**Directions:**
Copy the lines below verbatim. Begin with the first and end with the line containing "River cruise ship".

(Records drawn from a dataset)
- Opening Delimiter -
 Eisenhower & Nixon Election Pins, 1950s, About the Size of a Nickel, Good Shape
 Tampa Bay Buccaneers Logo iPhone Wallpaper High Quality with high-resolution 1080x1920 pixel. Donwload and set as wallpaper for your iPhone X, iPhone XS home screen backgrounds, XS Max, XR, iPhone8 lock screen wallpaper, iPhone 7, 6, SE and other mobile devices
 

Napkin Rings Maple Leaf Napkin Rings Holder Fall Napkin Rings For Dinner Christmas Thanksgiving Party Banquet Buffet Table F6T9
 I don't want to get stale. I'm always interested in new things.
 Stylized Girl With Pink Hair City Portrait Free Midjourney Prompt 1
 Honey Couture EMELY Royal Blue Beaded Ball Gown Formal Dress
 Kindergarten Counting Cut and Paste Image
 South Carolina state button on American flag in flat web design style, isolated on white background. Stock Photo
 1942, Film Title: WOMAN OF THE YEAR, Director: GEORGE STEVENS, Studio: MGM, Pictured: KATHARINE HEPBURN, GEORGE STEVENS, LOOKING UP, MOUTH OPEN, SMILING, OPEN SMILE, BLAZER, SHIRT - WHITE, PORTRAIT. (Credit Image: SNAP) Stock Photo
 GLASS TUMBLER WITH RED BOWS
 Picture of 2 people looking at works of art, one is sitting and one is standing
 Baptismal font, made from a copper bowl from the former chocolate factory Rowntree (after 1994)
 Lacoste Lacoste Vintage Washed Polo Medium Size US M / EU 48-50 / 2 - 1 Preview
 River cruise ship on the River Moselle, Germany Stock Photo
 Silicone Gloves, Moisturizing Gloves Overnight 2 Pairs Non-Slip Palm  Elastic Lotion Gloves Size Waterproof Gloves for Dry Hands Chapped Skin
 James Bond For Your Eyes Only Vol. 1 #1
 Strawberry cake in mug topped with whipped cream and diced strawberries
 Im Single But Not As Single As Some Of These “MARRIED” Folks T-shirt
- Closing Delimiter -
**Expected output:**
 Eisenhower & Nixon Election Pins, 1950s, About the Size of a Nickel, Good Shape
 Tampa Bay Buccaneers Logo iPhone Wallpaper High Quality with high-resolution 1080x1920 pixel. Donwload and set as wallpaper for your iPhone X, iPhone XS home screen backgrounds, XS Max, XR, iPhone8 lock screen wallpaper, iPhone 7, 6, SE and other mobile devices
 

Napkin Rings Maple Leaf Napkin Rings Holder Fall Napkin Rings For Dinner Christmas Thanksgiving Party Banquet Buffet Table F6T9
 I don't want to get stale. I'm always interested in new things.
 Stylized Girl With Pink Hair City Portrait Free Midjourney Prompt 1
 Honey Couture EMELY Royal Blue Beaded Ball Gown Formal Dress
 Kindergarten Counting Cut and Paste Image
 South Carolina state button on American flag in flat web design style, isolated on white background. Stock Photo
 1942, Film Title: WOMAN OF THE YEAR, Director: GEORGE STEVENS, Studio: MGM, Pictured: KATHARINE HEPBURN, GEORGE STEVENS, LOOKING UP, MOUTH OPEN, SMILING, OPEN SMILE, BLAZER, SHIRT - WHITE, PORTRAIT. (Credit Image: SNAP) Stock Photo
 GLASS TUMBLER WITH RED BOWS
 Picture of 2 people looking at works of art, one is sitting and one is standing
 Baptismal font, made from a copper bowl from the former chocolate factory Rowntree (after 1994)
 Lacoste Lacoste Vintage Washed Polo Medium Size US M / EU 48-50 / 2 - 1 Preview
 River cruise ship on the River Moselle, Germany Stock Photo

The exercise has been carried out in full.